AgentSkillsCN

trm-interp

为 TRM 式循环模型标准化机制性可解释性实验,采用固定轨迹,以 SAE 特征为切入点,形成干预与报告的闭环。当您需要实施或运行可重复的断层扫描研究、特征消融与补丁测试,以及基于逐步轨迹的基线对比与干预评估报告时,可使用此功能。

SKILL.md
--- frontmatter
name: trm-interp
description: Standardize mechanistic interpretability experiments for TRM-style recurrent models with a fixed trace to SAE feature to intervention to report loop. Use when implementing or running reproducible tomography studies, feature ablation and patch tests, and baseline versus intervened evaluation reports from stepwise traces.

TRMInterp

Use this workflow to prevent one-off experiment scripts and keep outputs comparable.

Contract

Enforce exactly three commands:

  1. trminterp trace
  2. trminterp sae fit
  3. trminterp intervene

Enforce exactly two report formats:

  1. trace.jsonl
  2. report.json

Allow optional caches/artifacts:

  • states.npy
  • sae.pt
  • sae_metrics.json
  • intervention diffs JSON under the same run folder

Loop

Run in this order:

  1. trminterp trace
  2. trminterp sae fit
  3. trminterp intervene

Use deterministic seeds for every stage. Write all generated outputs under a single run directory. Never mix code changes and generated outputs in the same commit unless explicitly requested.

Command Mapping

If the repo has no trminterp binary yet, map to existing modules and keep output names stable:

  1. trminterp trace: python -m mechinterp_cli trace --out-dir <run_dir>/traces --seed <seed> Then normalize/rename the selected trace file to <run_dir>/trace.jsonl. Optionally export stacked states to <run_dir>/states.npy.
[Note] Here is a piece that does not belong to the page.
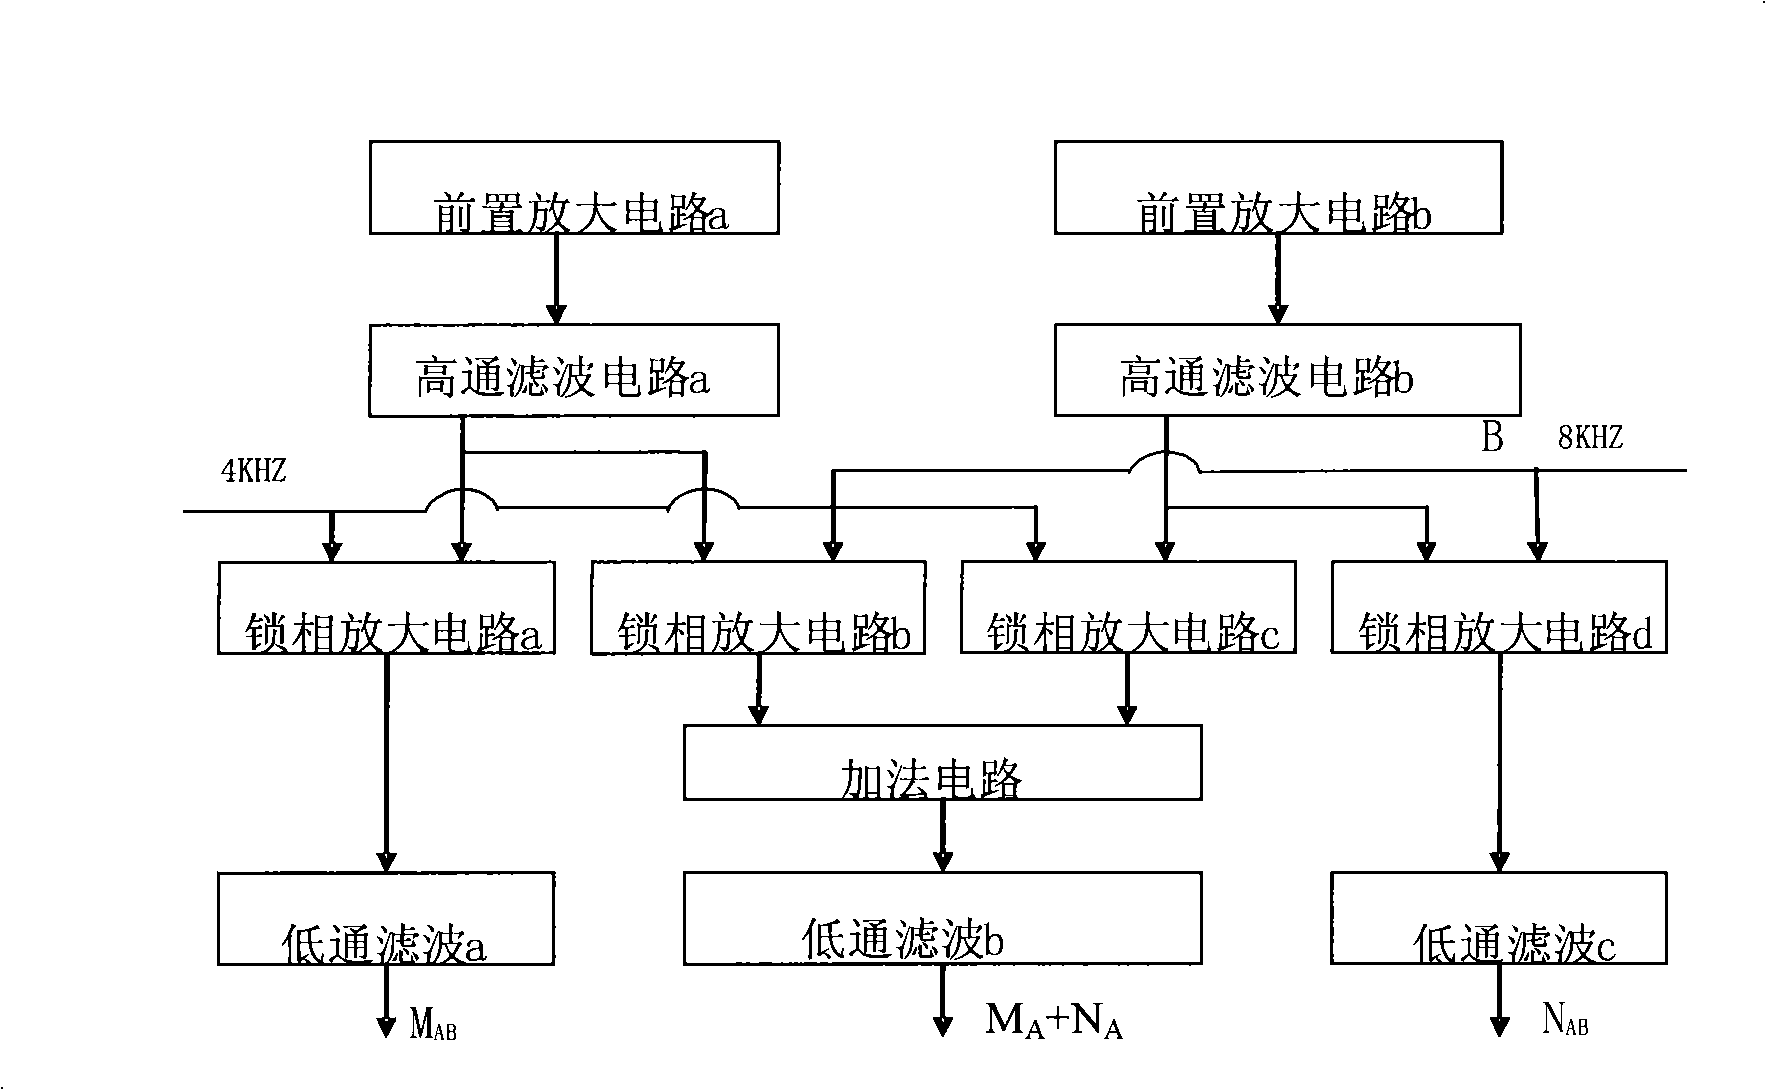 Optical recognition and distance measurer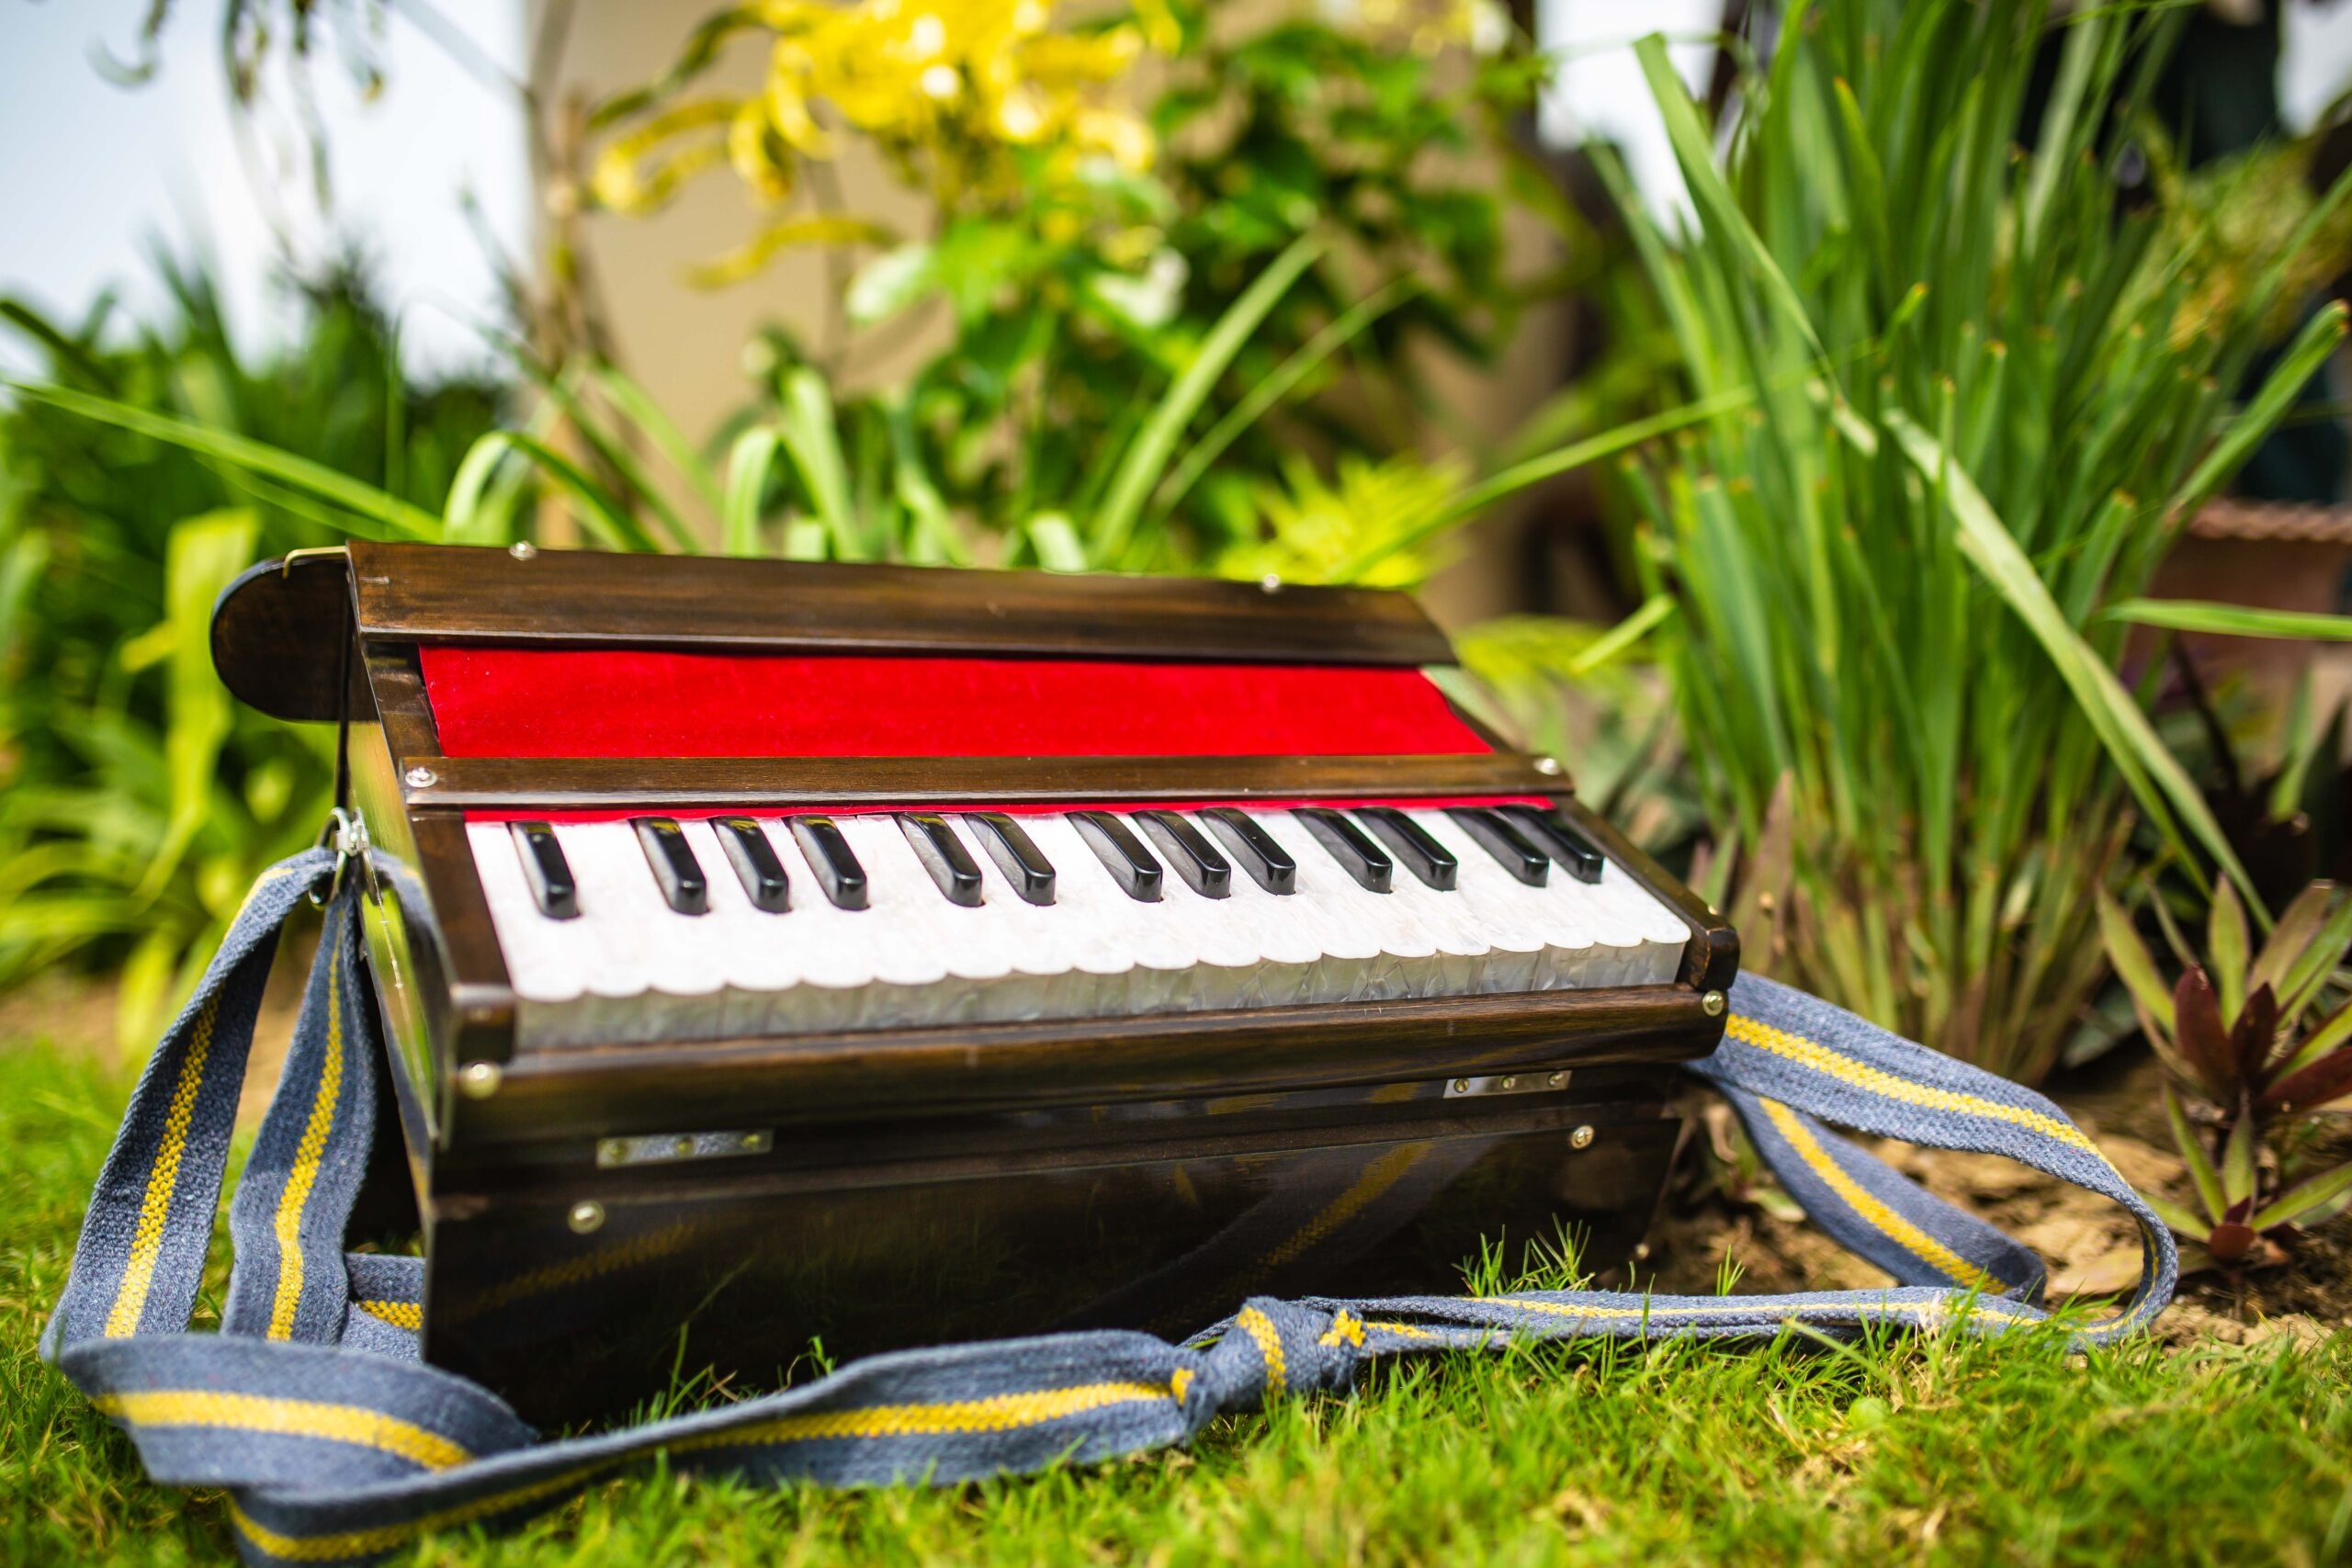 Harmonium: Mathura Harinam Style Portable Trap Organ, Fabric Strap For Comfortable Playing In The Outdoors. 2560x1710 HD Background.

  2. trminterp sae fit: python -m analysis.sae --summary-json <run_dir>/summary.json --out-json <run_dir>/sae_metrics.json --save-model-json <run_dir>/sae.pt

  3. trminterp intervene: python -m analysis.causality --summary-json <run_dir>/summary.json --seed <seed> --out-json <run_dir>/report.json

Keep the report focused on baseline vs intervened outcomes and top causal features.

Intervention Policy

Implement only these policies in v0:

  1. ablate_features
  2. clamp_features
  3. patch_features

Avoid GUI work, feature browsers, seed-matching research tooling, and model-zoo abstractions in this skill version.

Internal API

Keep internal abstractions minimal:

  1. TraceDataset.load(path) -> states[N,D], meta
  2. SAE.encode(h) -> a, SAE.decode(a) -> h_hat
  3. InterventionPolicy.apply(step, h, sae, context) -> h_prime
  4. Evaluator.compare(baseline_trace, new_trace) -> report

Read references/v0-spec.md for the exact payload expectations.